SIGNIFICANT RECENT ACCOUNTING PRONOUNCEMENTS

 

In fiscal year 2025, the Company adopted Accounting Standards Update (ASU) No. 2023-07, Segment Reporting (Topic 280): Improvements to Reportable Segment Disclosures. This ASU requires public entities to disclose significant segment expense categories that are regularly provided to the chief operating decision maker (CODM) and included in the reported measure of segment profit or loss.

 

The Company operates as a single reportable segment. The adoption of ASU 2023-07 did not have an impact on the Company’s consolidated financial statements but resulted in enhanced footnote disclosures regarding significant segment expenses, as reflected in Note 9 – Segment Reporting.

 

In November 2023, the FASB issued Accounting Standards Update 2023-09, Improvements to Income Taxes (Topic 740): Improvements to Income Tax Disclosures, which requires enhanced annual disclosures for specific categories in the rate reconciliation and income taxes paid disaggregated by federal, state, and foreign jurisdictions.

 

The Company adopted ASU 2023-09 effective April 1, 2025. Adoption of the standard did not impact the Company’s consolidated financial statements but resulted in enhanced income tax disclosures, as reflected in Note 7 – Income Taxes.

 

In March 2024, the Financial Accounting Standards Board (FASB) issued Accounting Standards Update No. 2024-02, Codification Improvements—Amendments to Remove References to the Concepts Statements (“ASU 2024-02”).
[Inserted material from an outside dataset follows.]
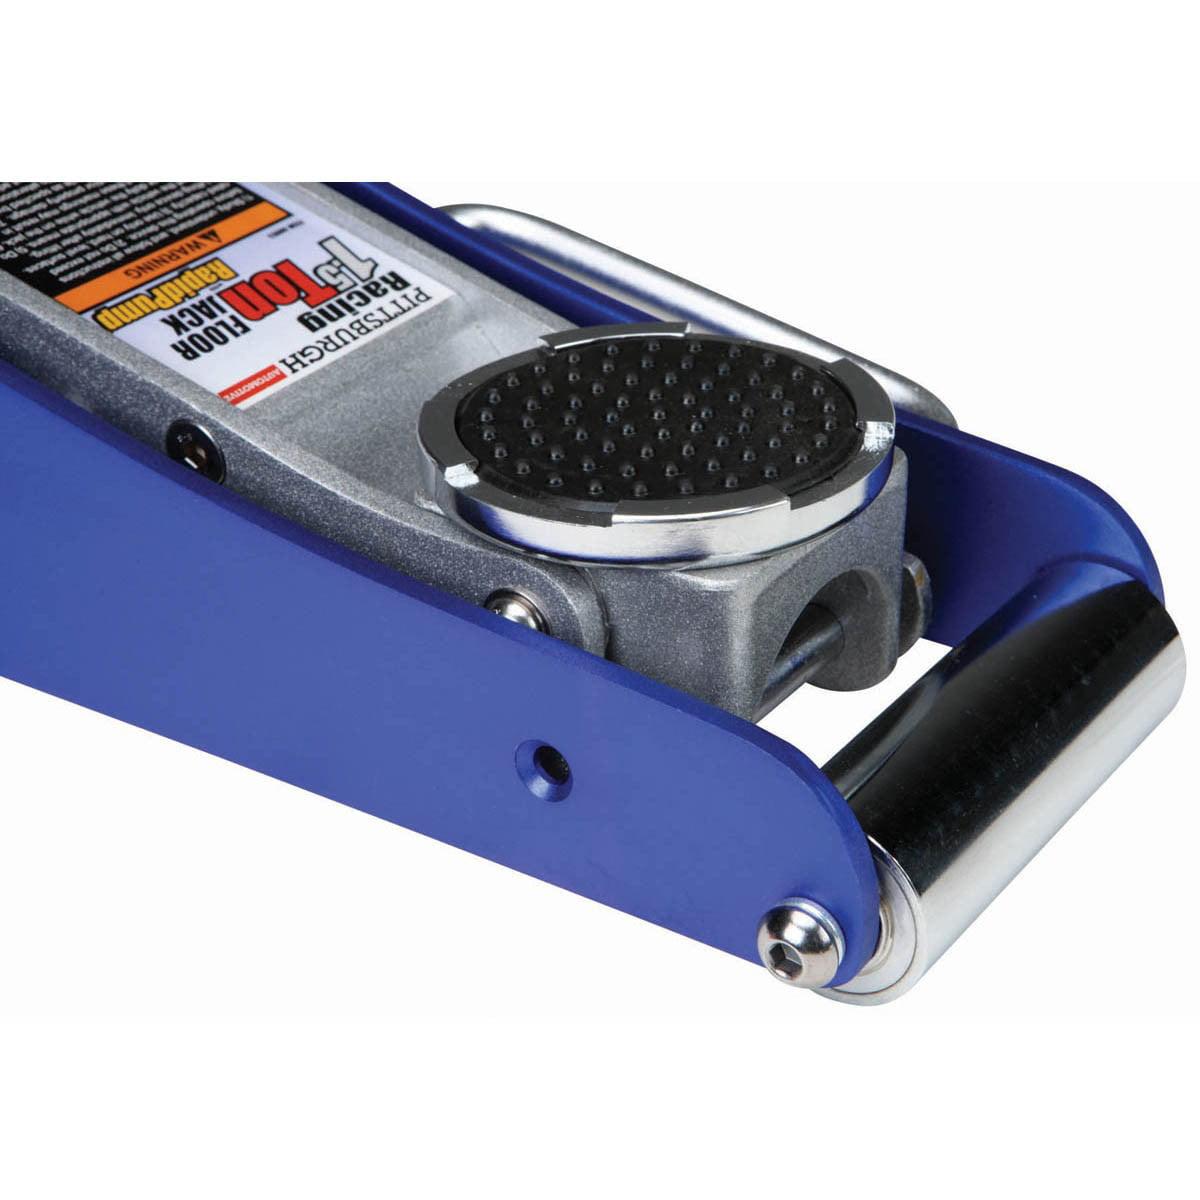 Pittsburgh Floor Jack 1 5 Ton Aluminum Racing Rapid 3 1 2 Pump Adjustable 60569 Walmart Com Walmart Com

The amendments remove references to FASB Concepts Statements from the Accounting Standards Codification and do not change existing accounting requirements. The guidance is effective for fiscal years beginning after December 15, 2024, including interim periods within those fiscal years. The Company does not expect the adoption of this guidance to have a material impact on its consolidated financial statements and related disclosures.

 

 

 

In March 2024, the FASB issued Accounting Standards Update 2024-03, Income Statement—Reporting Comprehensive Income—Expense Disaggregation Disclosures (“ASU 2024-03”), which requires public business entities to provide enhanced annual and interim disclosures that disaggregate specified income statement expense categories. In January 2025, the FASB issued ASU 2025-01, which clarified the effective date of ASU 2024-03. The amendments are effective for annual reporting periods beginning after December 15, 2026, and interim reporting periods beginning after December 15, 2027. Early adoption is permitted. The Company is currently evaluating the impact the adoption of this guidance may have on its consolidated financial statements and related disclosures.

 

In December 2025, the FASB issued ASU 2025-10, Government Grants (Topic 832), which establishes guidance related to the recognition, measurement, presentation, and disclosure of government grants. ASU 2025-10 is effective for annual periods beginning after December 15, 2028, and interim periods within fiscal years beginning after December 15, 2029, with early adoption permitted. The Company is currently evaluating the impact this guidance may have on its consolidated financial statements and disclosures.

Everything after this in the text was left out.